• _What the exercise asks_
Only the lines from the one containing "B Kliban Cat Stickers Calendar 2020" through the final line of the material below should be output, exactly as they stand.

>>>

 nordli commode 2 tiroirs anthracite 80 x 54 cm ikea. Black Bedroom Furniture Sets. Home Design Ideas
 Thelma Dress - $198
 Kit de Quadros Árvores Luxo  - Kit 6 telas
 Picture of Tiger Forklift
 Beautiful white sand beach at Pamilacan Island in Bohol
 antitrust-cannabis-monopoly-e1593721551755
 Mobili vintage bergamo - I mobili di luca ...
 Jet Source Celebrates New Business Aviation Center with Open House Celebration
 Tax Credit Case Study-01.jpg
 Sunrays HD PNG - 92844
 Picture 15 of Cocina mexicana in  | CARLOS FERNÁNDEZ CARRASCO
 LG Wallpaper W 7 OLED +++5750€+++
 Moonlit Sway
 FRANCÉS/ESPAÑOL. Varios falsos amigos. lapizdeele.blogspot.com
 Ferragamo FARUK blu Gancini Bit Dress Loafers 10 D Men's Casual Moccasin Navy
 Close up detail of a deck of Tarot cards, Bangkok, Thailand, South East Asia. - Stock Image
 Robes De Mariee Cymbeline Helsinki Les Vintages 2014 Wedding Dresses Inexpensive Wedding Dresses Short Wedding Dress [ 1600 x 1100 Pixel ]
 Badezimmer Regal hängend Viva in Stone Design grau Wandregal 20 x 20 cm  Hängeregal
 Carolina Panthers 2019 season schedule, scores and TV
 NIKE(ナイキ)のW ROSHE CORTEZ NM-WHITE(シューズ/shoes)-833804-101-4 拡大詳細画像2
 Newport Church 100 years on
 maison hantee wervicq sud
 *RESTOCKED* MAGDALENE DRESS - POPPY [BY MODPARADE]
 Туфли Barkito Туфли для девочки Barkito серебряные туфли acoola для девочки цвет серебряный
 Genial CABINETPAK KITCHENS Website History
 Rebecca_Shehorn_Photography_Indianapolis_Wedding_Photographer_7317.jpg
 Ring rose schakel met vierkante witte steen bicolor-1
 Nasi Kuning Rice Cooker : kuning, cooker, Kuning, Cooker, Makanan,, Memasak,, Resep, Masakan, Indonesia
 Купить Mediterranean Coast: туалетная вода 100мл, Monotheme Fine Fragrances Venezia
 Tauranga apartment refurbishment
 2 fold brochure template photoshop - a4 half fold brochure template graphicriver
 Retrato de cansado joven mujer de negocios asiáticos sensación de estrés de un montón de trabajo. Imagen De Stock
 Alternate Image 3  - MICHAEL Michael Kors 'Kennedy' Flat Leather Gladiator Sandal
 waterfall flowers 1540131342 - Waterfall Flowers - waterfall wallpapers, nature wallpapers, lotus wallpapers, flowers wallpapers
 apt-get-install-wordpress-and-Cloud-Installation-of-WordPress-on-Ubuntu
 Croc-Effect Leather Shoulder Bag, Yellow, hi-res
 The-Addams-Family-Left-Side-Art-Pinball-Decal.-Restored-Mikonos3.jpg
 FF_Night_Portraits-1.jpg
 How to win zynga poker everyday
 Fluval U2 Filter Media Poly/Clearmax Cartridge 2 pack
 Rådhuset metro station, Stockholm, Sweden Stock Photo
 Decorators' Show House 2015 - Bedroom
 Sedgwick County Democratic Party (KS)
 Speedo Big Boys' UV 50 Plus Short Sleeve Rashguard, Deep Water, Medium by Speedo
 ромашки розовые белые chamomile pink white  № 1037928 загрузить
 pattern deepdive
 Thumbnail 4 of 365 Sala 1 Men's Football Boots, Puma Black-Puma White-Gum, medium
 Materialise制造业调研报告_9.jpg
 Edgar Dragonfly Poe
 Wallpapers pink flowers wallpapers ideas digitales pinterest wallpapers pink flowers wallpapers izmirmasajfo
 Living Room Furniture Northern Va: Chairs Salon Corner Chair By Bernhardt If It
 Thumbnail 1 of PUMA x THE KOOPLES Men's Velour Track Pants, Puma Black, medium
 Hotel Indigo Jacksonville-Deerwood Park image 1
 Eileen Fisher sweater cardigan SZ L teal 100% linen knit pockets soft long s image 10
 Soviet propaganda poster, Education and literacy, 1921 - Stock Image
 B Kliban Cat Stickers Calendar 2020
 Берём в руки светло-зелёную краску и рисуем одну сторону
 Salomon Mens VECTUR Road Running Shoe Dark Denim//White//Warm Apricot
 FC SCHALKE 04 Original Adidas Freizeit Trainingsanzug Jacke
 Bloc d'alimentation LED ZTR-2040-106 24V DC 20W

<<<

• _Answer below_
 B Kliban Cat Stickers Calendar 2020
 Берём в руки светло-зелёную краску и рисуем одну сторону
 Salomon Mens VECTUR Road Running Shoe Dark Denim//White//Warm Apricot
 FC SCHALKE 04 Original Adidas Freizeit Trainingsanzug Jacke
 Bloc d'alimentation LED ZTR-2040-106 24V DC 20W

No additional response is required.